May is out (thankfully) and summer is in, and living will be … well, uneasy — particularly if you are trying to decide whether to hang with existing stocks, invest in new ones or make a play in some other marketplace.
Usually the markets give you a sign about which way to act. So what hand are we being shown today?
On the stock market side, losses and cratered business models like Research in Motion (NASDAQ:RIMM) and Green Mountain (NASDAQ:GMCR) suggest that it’s time to move on, while screaming buys like Apple (NASDAQ:AAPL) look attractive at now-reduced prices. After almost two weeks of bleeding, even Facebook (NASDAQ:FB) is starting to look attractive!
But are we looking at a bottom for bargain hunting, or a bottom for selling? A case can be made for either side of that coin.

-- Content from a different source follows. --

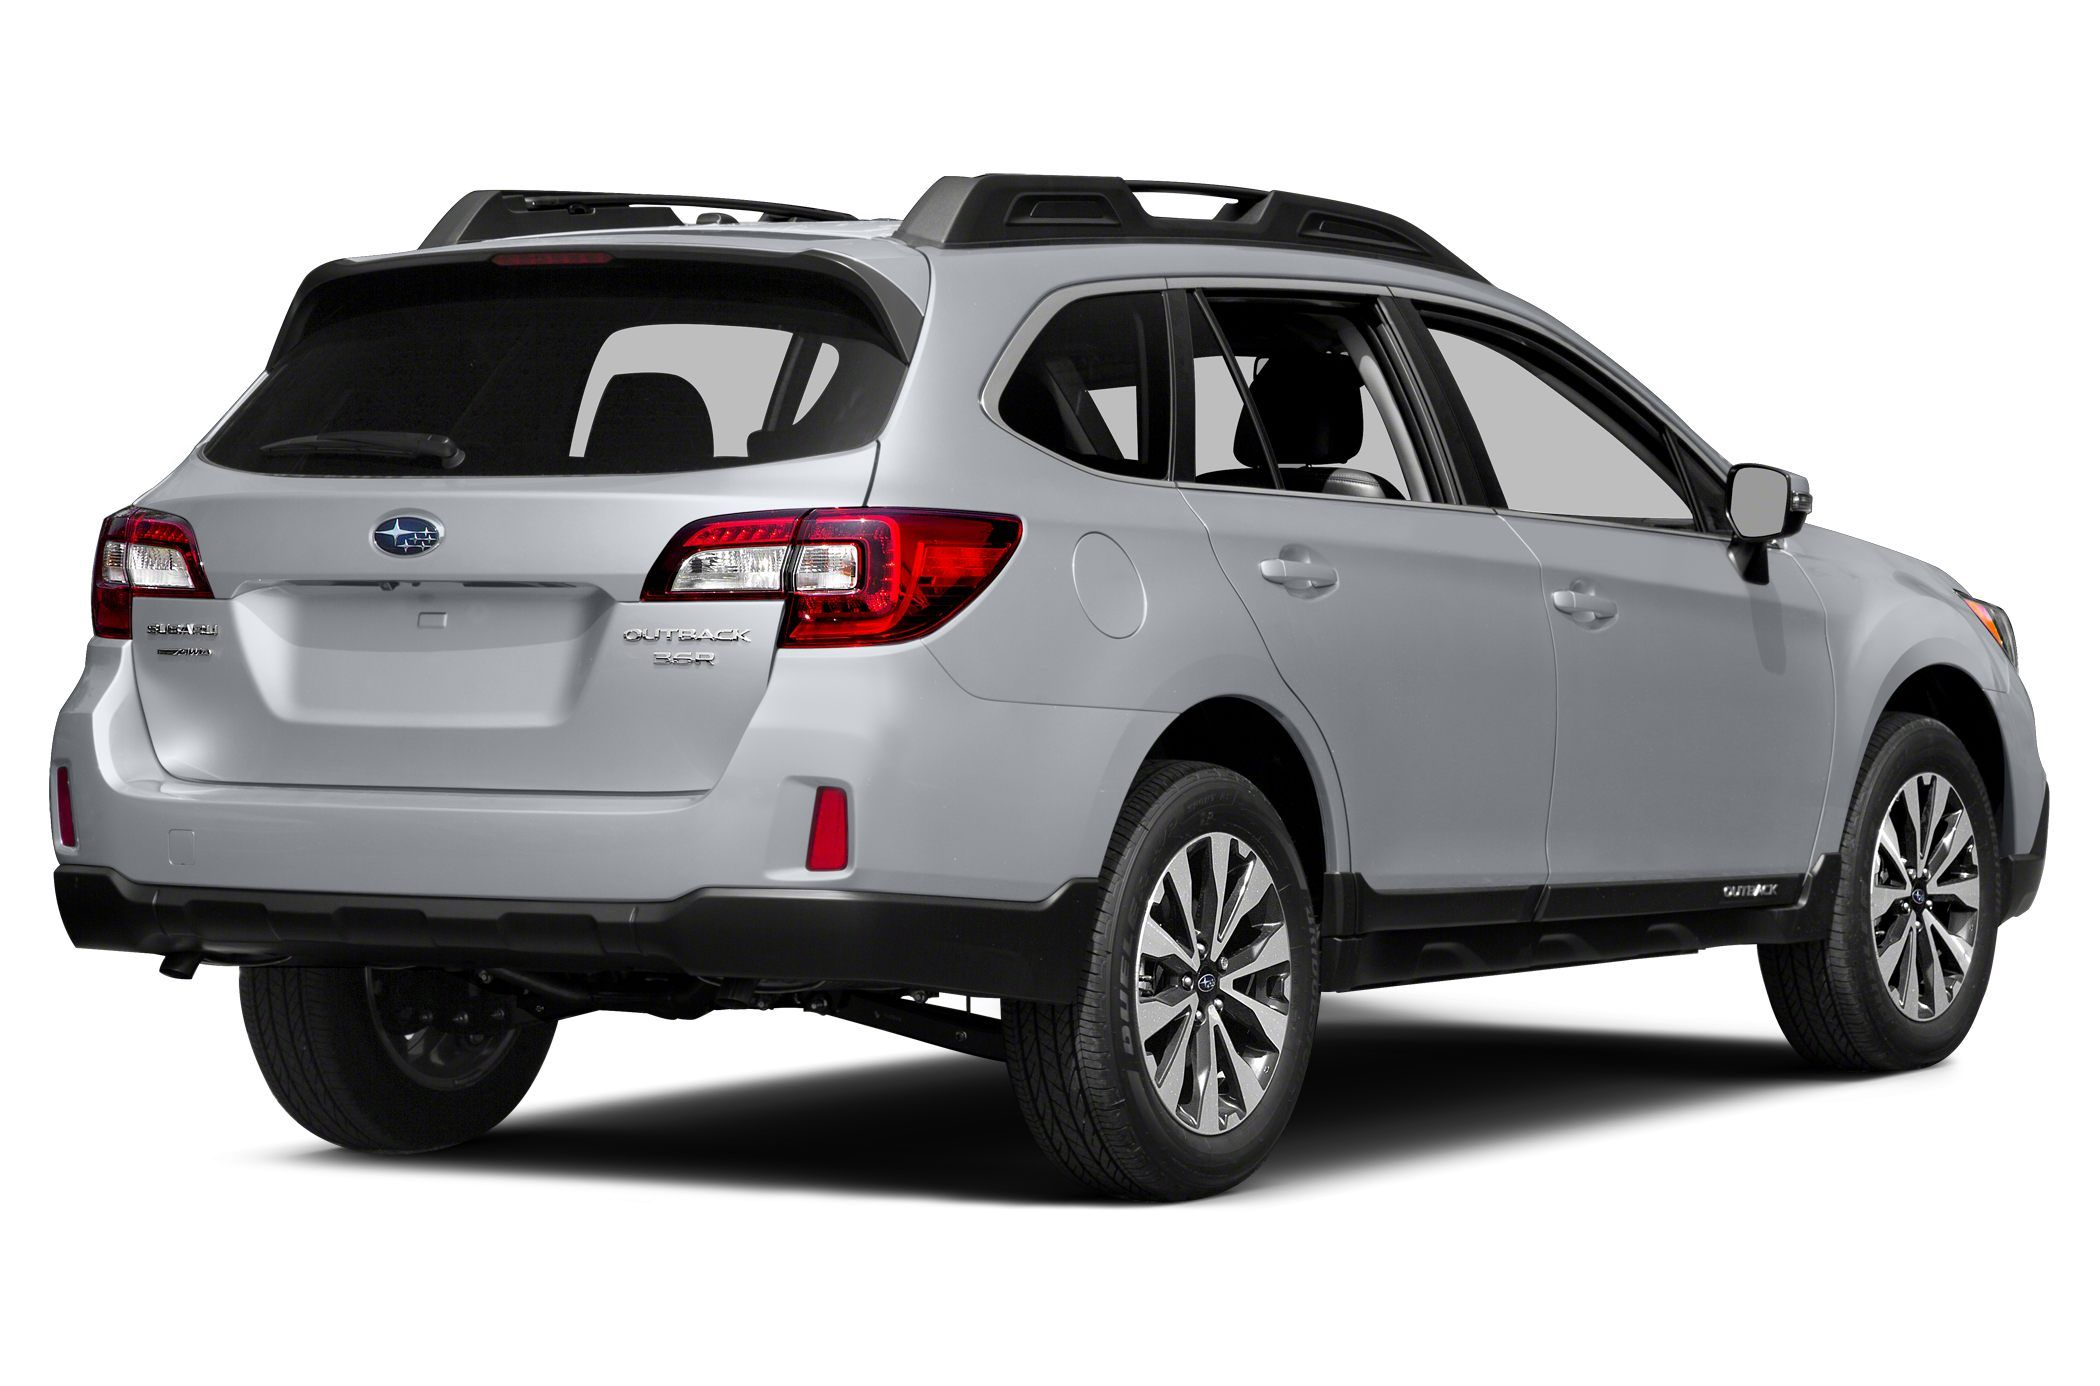 2015 Subaru Outback Wagon 2 5i 4dr All Wheel Drive Wagon Photo 16 Png 2100 1386 Subaru Outback Subaru Subaru Cars

The stock market really seems like it’s saying “do no harm” — which means hang on for dear life, and try not to think about it on a short-term basis.
What about bonds?
Yields on the 10-year Treasury hit a historically low yield of 1.625% earlier this week, then ducked even lower on Friday as investors fled — you guessed it — stocks for the “safety” of U.S. government-backed paper.
Of course, that paper is backed by recent disappointing news on the economic front, and that’s before the summer doldrums kick into high gear, so there appears to be no evident relief or upside on this front, either. Ugh!
How about straight cash?
Everybody sleeps better when they have money stashed away under the mattress for the summer’s hot but rainy days. Why not just keep it there?
Well, money funds and bank CDs pay out … not a lot. If you socked away 10 grand for a month, you’d be lucky to get enough interest to buy a Samuel Adams Summer Ale. A six-pack is out of the question — even with the effects of compounding.
Since nobody wants into the market — and sticking money into a bank that might just use your hard-earned cash to bet on obscure arbitrage or “hedging” products, like JPMorgan (NYSE:JPM) just did, is anathema to many — how about another summer option?
Take a trip.
Europe is sounding swell, as the dollar gains strength against the euro every week, so you can buy more goods with fewer dollars. Of course, there might not be a euro by the time you get there, and whatever the dollar is pegged to in, say, October, might fall through the floor.
Try to ignore the reality that the eurozone is under pressure as Italy and France struggle, Spain wavers, and Greece looks ready to fall into the Aegean.
OK, maybe a little turmoil is too much for any nervous travelers out there, so give it some thought before you head across the pond.
Here’s a better idea: See the USA or some part of your neck of the woods.
Now is a great time to load the family up into the sedan, since Ford (NYSE:F) and GM (NYSE:GM) are out there making deals, and gas prices haven’t been this low in quite some time. Exxon Mobil (NYSE:XOM) and Chevron (NYSE:CVX) will be happy to take your money, even at a “reduced” price of well under $4 per gallon, anyway.
I’m going to find my easy chair, slide it under a shady tree, spend a few minutes on the iPad to look over some magazines, turn off my phone and take a nap that ends on Labor Day.
Things have to be better by then.
Marc Bastow is an Assistant Editor at InvestorPlace.com. As of this writing, he was long AAPL and XOM.